Create an OTT Streaming App for Mixed Content Formats
Horizontal and vertical video are not the same product. Building a platform that handles both with mixed content formats is an architectural decision, not just a UI preference.
YouTube serves horizontal documentaries and vertical Shorts on the same platform. TikTok started vertical-only and is expanding to horizontal. Instagram handles both in the same feed. The mixed content formats for OTT streaming apps are not a trend. It is the new baseline expectation for any mobile-first streaming platform.

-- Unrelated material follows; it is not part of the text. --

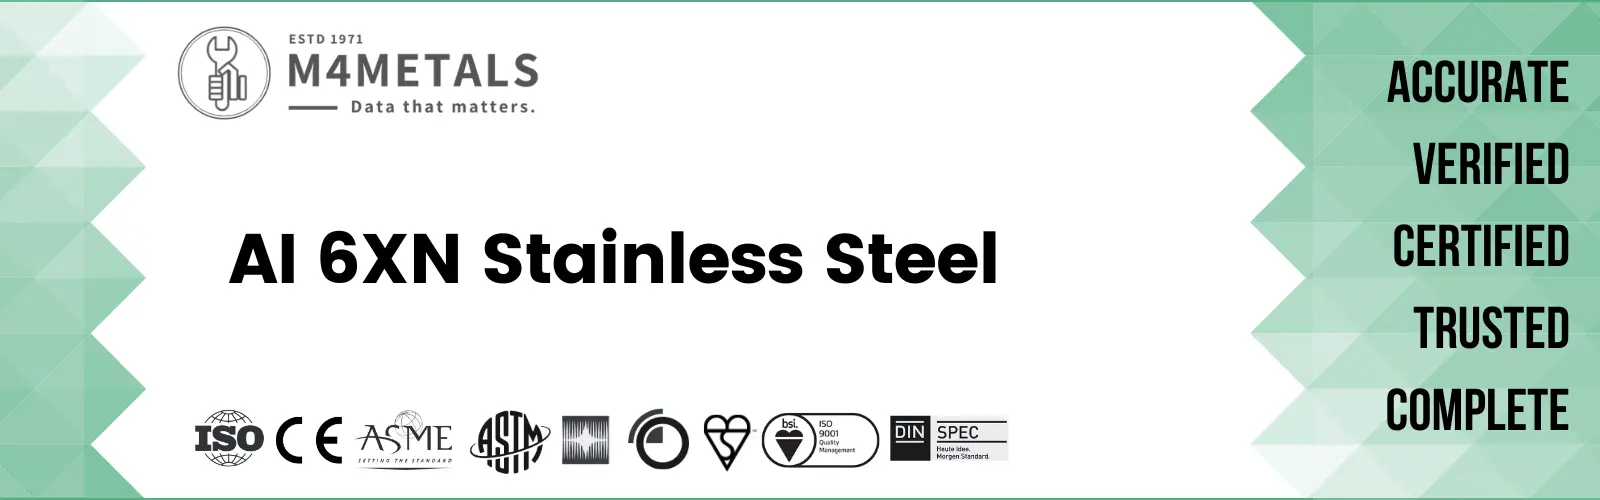 AI-6XN Stainless Steel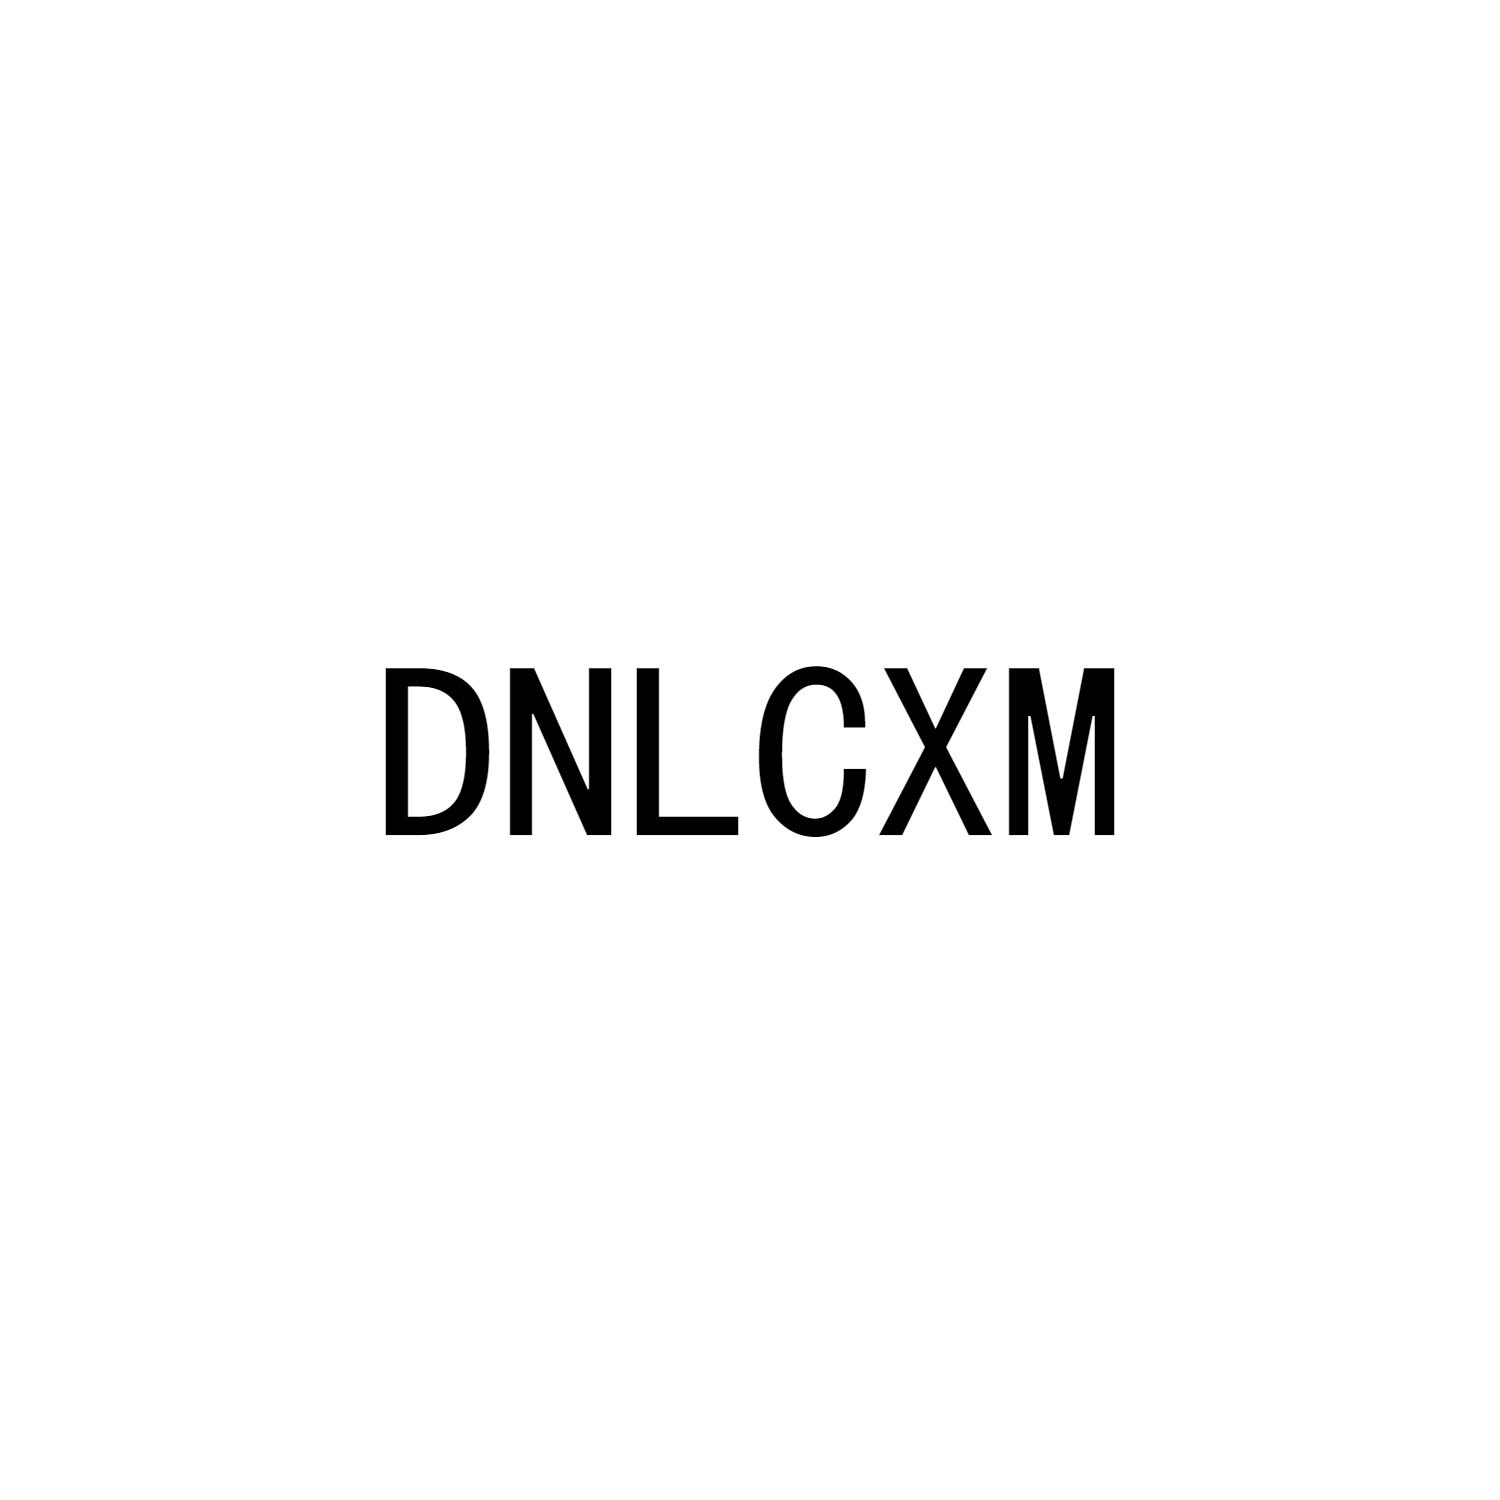 DNLCXM

For OTT founders, this is an architecture challenge that most platform teams underestimate. Horizontal and vertical video are not just different aspect ratios. They carry different UX conventions, monetization logic, and technical requirements across the player, storage, and delivery layers. This OTTclouds‘ article maps what your platform needs to support both formats without forcing users to navigate between them.

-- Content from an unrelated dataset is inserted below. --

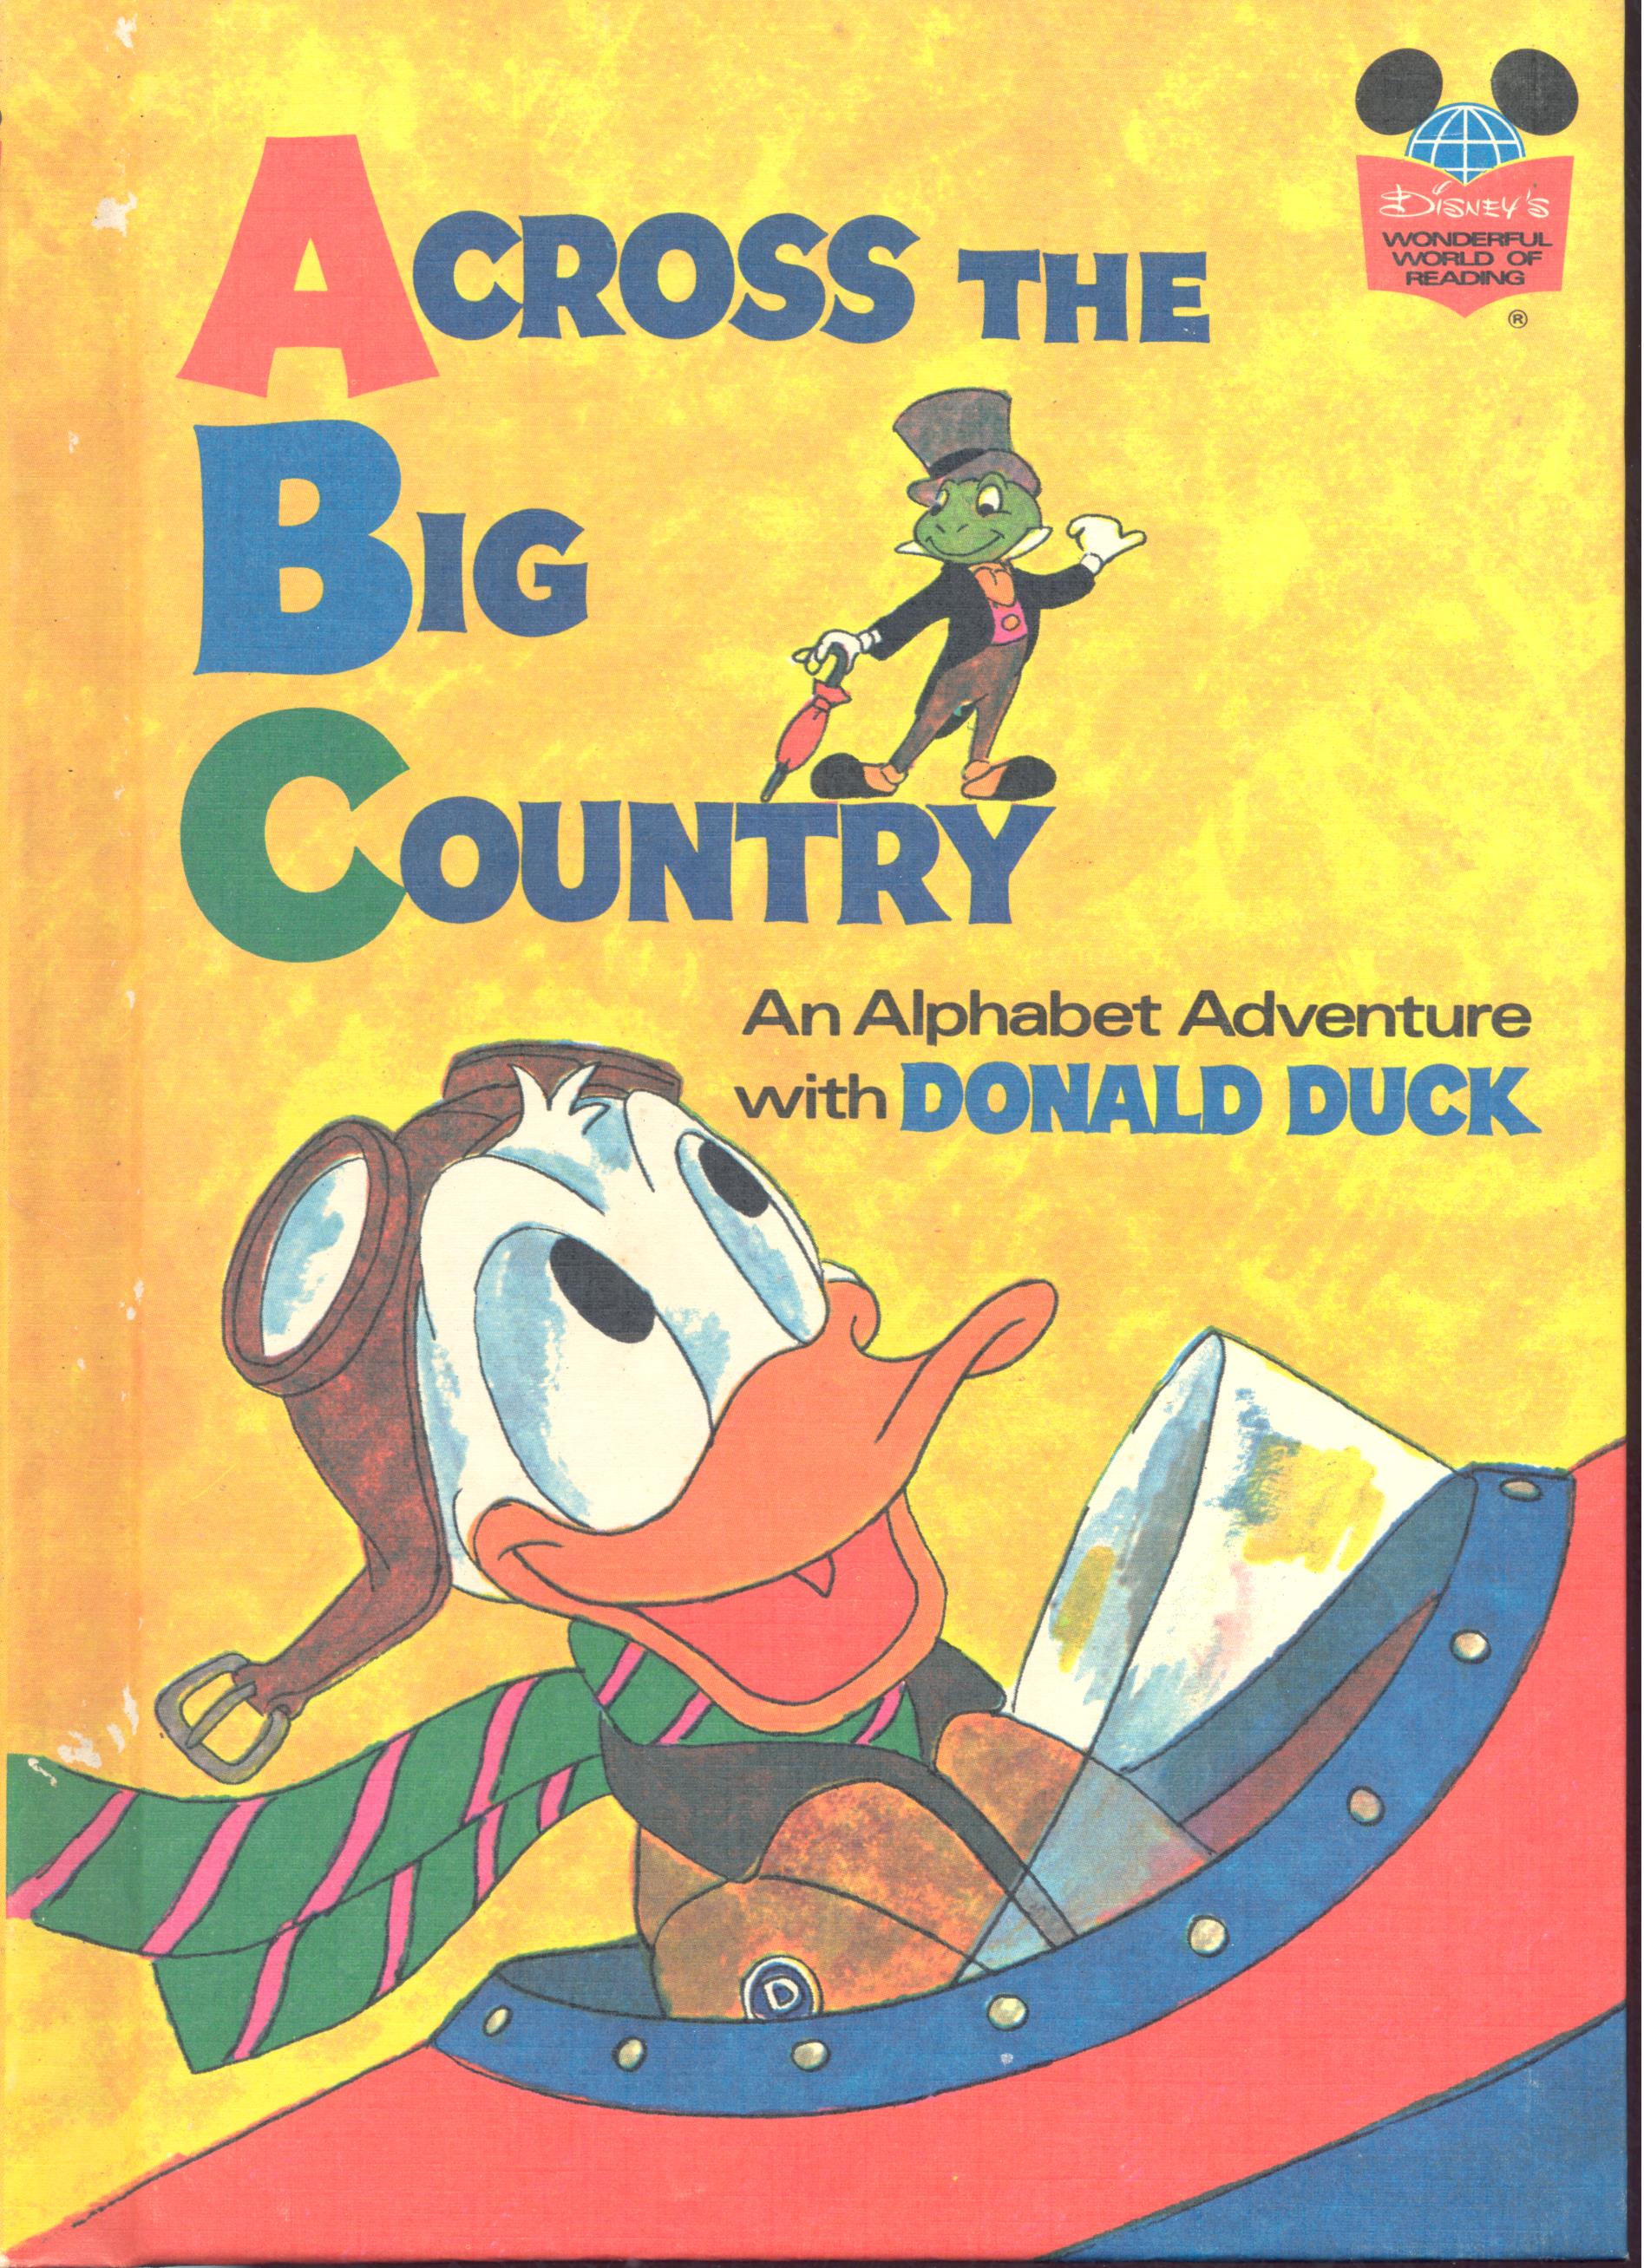 Walt Disney' s across the big country an alphabet adventure with Donald duck.

>>> Maybe you’re interested in:
- Vertical Video Streaming Apps for Content Providers
- White-Label Vertical Short Video App Development with OTTclouds
- [Case Study] Build a White Label Vertical Short Anime Series App “Weeby” for A Japanese Client
Horizontal vs. Vertical: More Than Aspect Ratio
The 16:9 horizontal format was built around the television and desktop experience, lean-back, both-hands-free, scheduled or browsed viewing. The 9:16 vertical format grew from mobile-native behavior, including one-hand, thumb-first, infinite scroll, discovered rather than searched for.
These different origins produce different user expectations at every layer of the experience.
| Dimension | Horizontal (16:9) | Vertical (9:16) |
| Viewing posture | Landscape, both hands, lean back | Portrait, one hand, thumb-driven |
| Content length | Long-form: 10 min to 2+ hours | Short-form: 15 sec to 5 min |
| Discovery | Browse, search, scheduled viewing | Infinite scroll, algorithm-surfaced |
| Monetization | Mid-roll ads, subscription, PPV | Pre-roll, coin unlock, brand integration |
| Player UI | Persistent controls, progress bar | Minimal chrome, tap-to-pause |
| Sound | Sound-on expected | Sound-off default — captions essential |

The Five Architecture Layers That Must Handle Both Formats
A mixed content format for OTT platform apps is not built by adding a vertical video section to an existing horizontal app. Every core layer of the platform must be designed to handle both formats with equal fidelity. These are the five layers where format-aware decisions are required.
1. The Video Player
The player is the most visible failure point. A player built for horizontal video that renders a vertical clip inside a landscape letterbox, with black bars on both sides, signals immediately that vertical content is a second-class experience on your platform. Users who encounter this leave. They have dozens of apps that handle verticals natively.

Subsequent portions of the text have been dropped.